-------- INFORMATION SHOWN --------
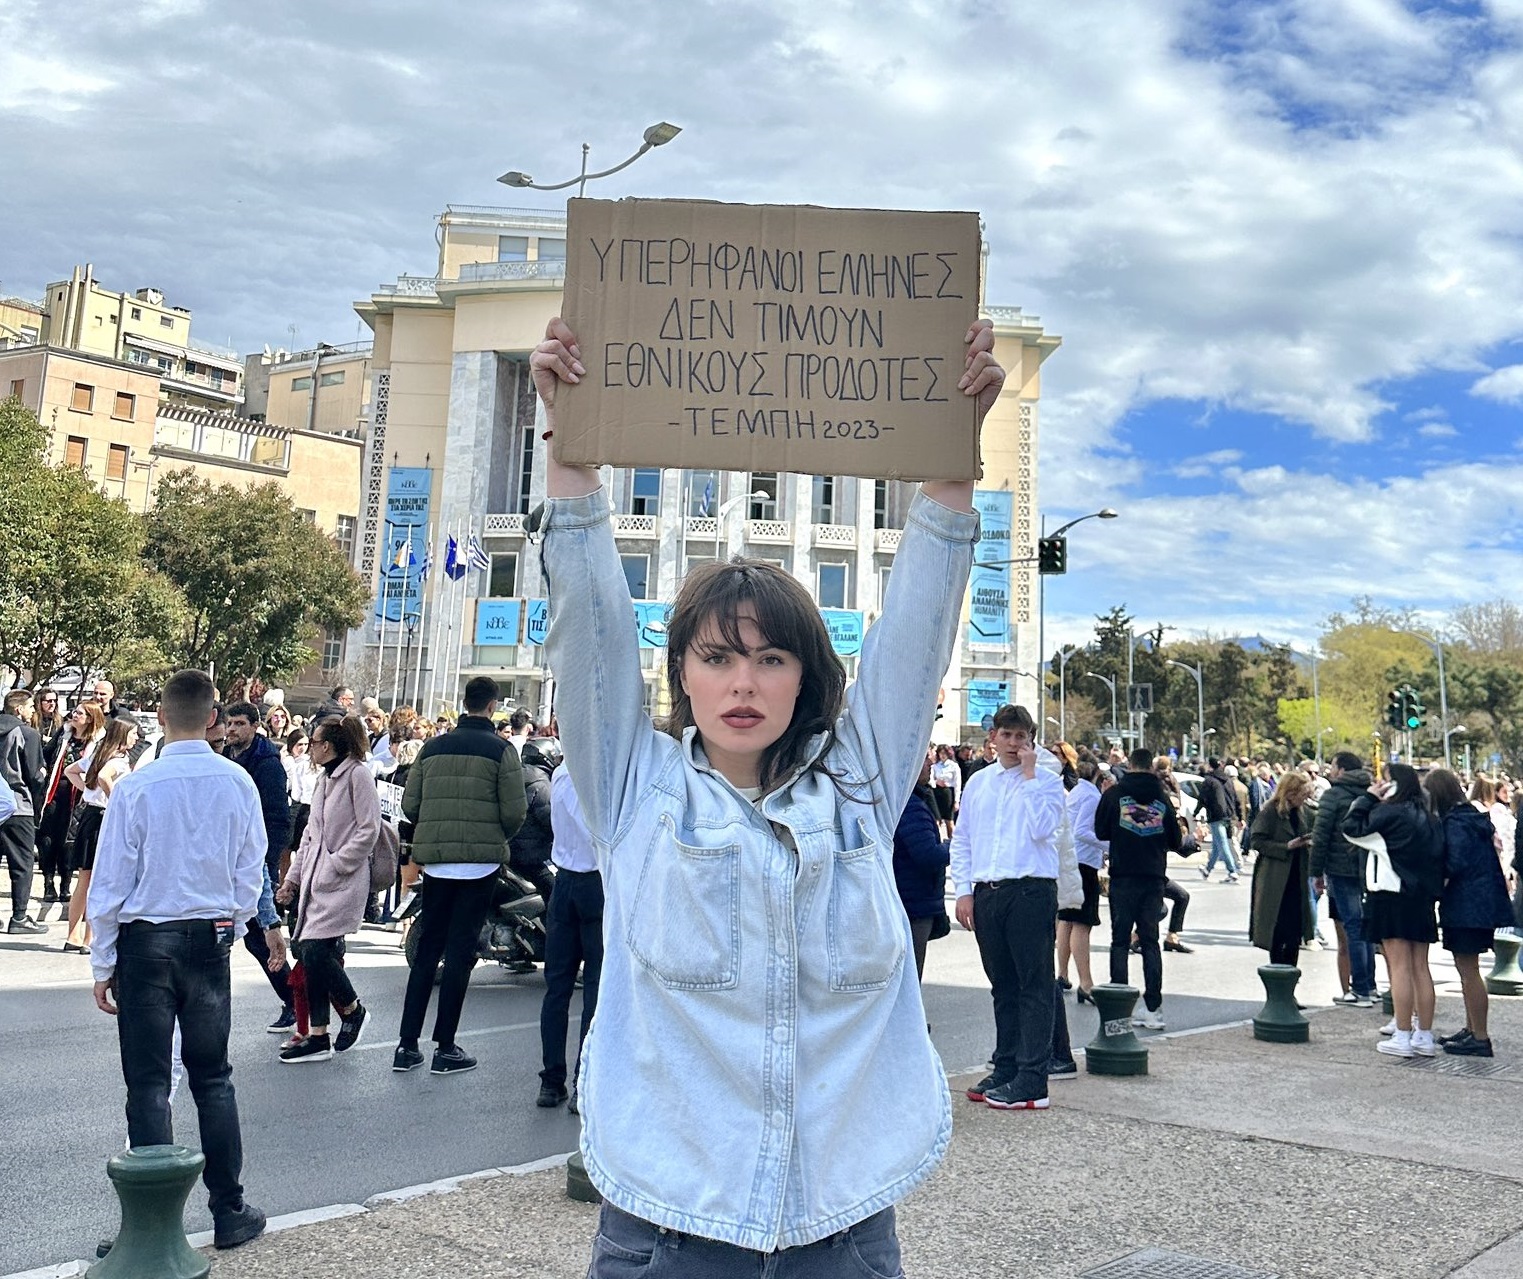 Θεσσαλονίκη: Τραυματίας των Τεμπών διαμαρτυρήθηκε παρελαύνοντας - Έστειλε μήνυμα μνήμης της τραγωδίας
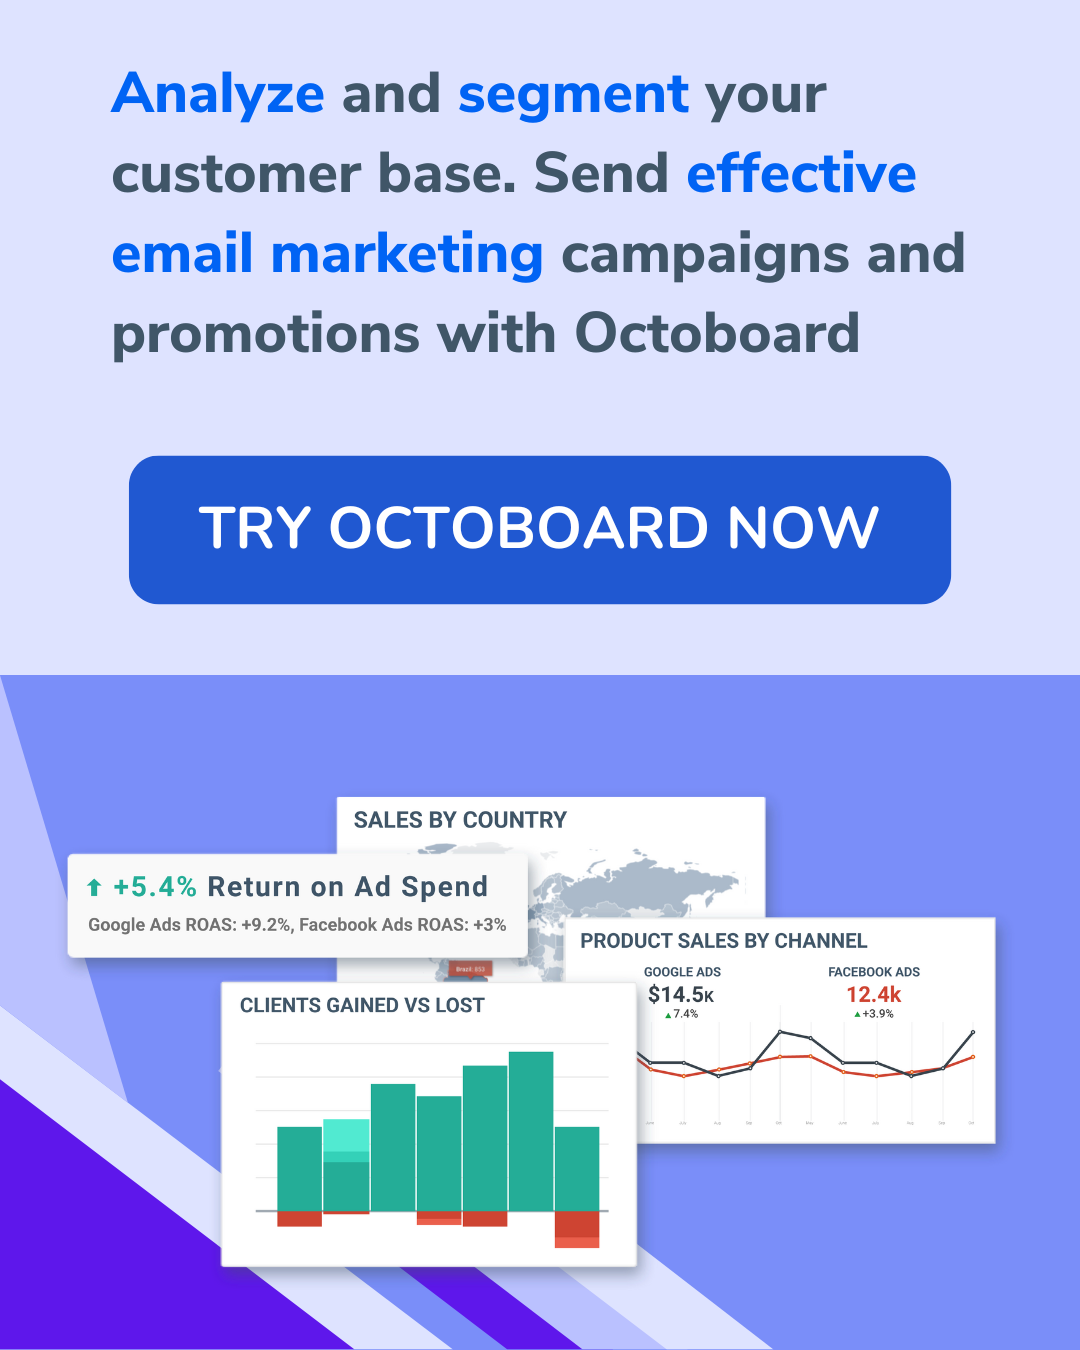 Analise e segmente sua base de clientes. Envie campanhas de marketing por e-mail e promoções eficazes com o Octoboard.
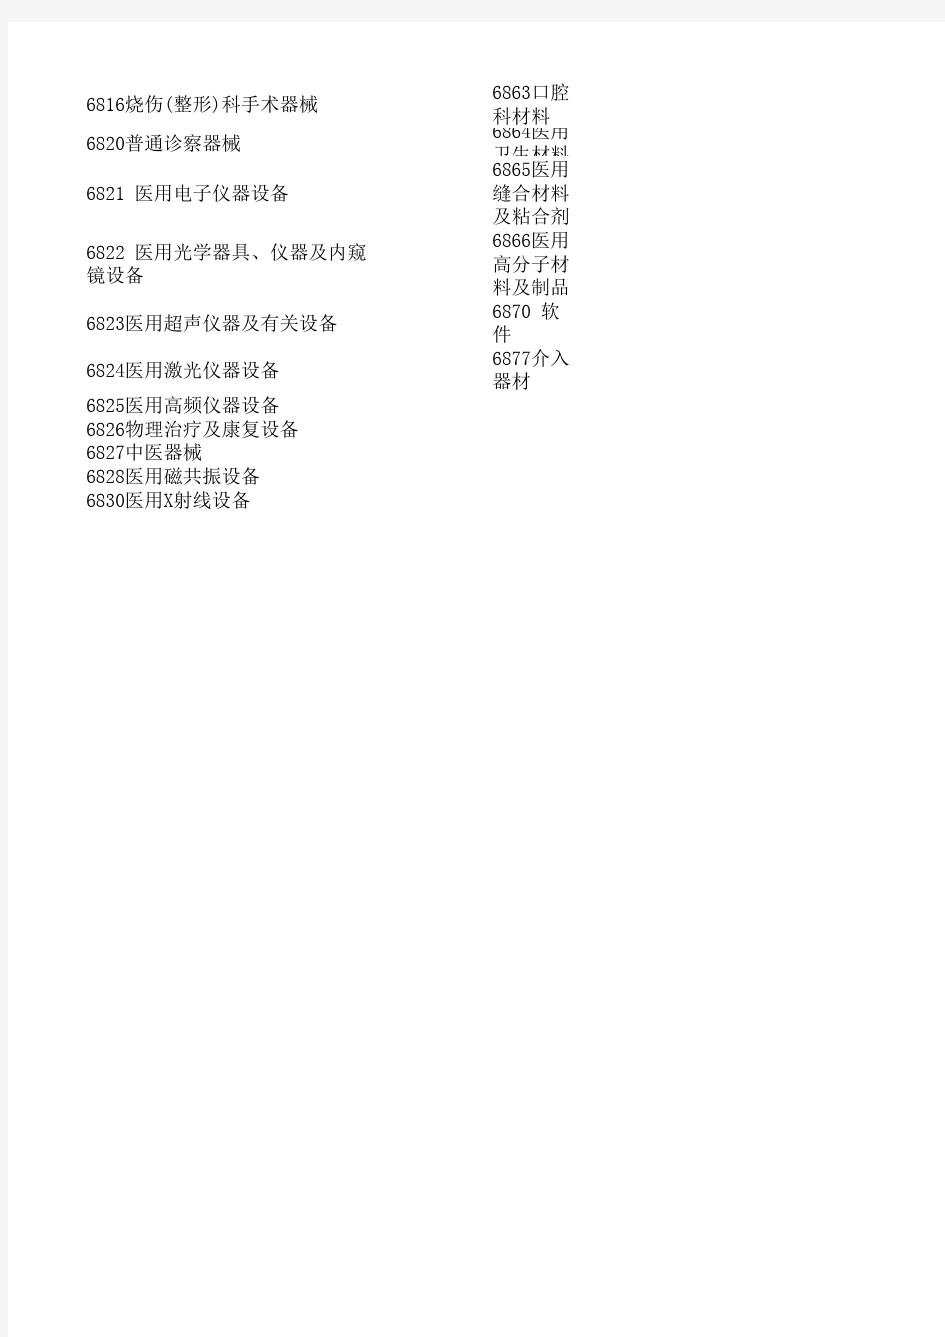 中国医疗器械产品分类目录_大类清单
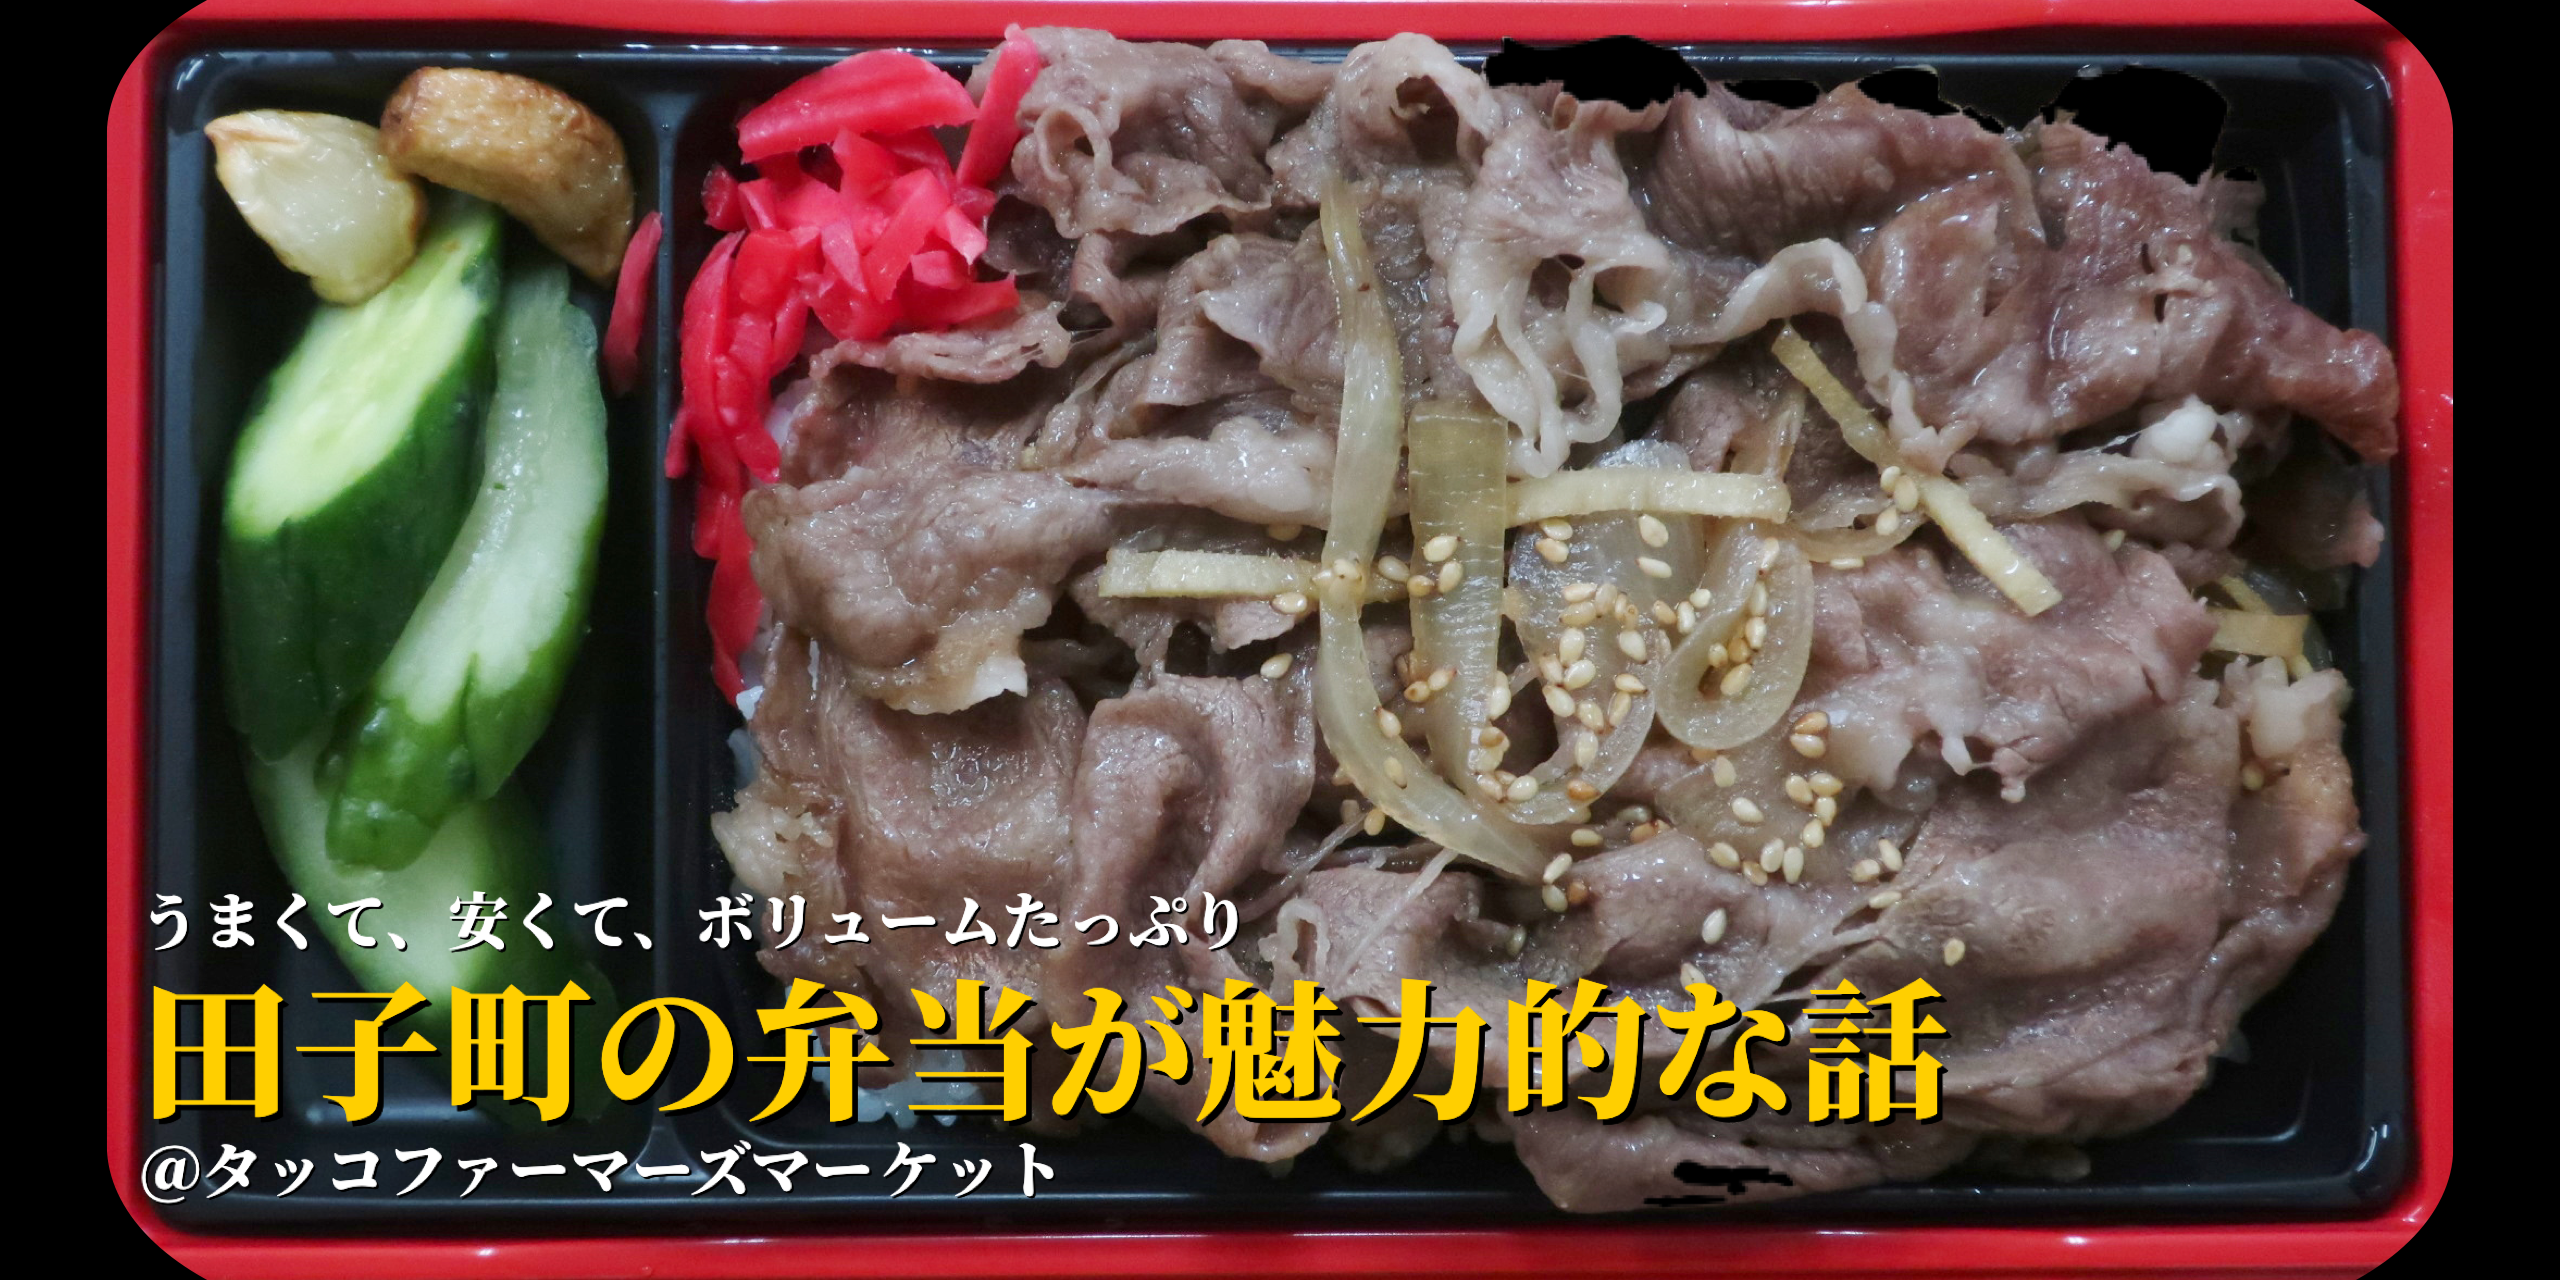 田子町の新たな賑わい創出「田子の弁当フェア」
--------
Reproduce each line above precisely, with no pictures.

**EXPECTED ANSWER**
 Θεσσαλονίκη: Τραυματίας των Τεμπών διαμαρτυρήθηκε παρελαύνοντας - Έστειλε μήνυμα μνήμης της τραγωδίας
 Analise e segmente sua base de clientes. Envie campanhas de marketing por e-mail e promoções eficazes com o Octoboard.
 中国医疗器械产品分类目录_大类清单
 田子町の新たな賑わい創出「田子の弁当フェア」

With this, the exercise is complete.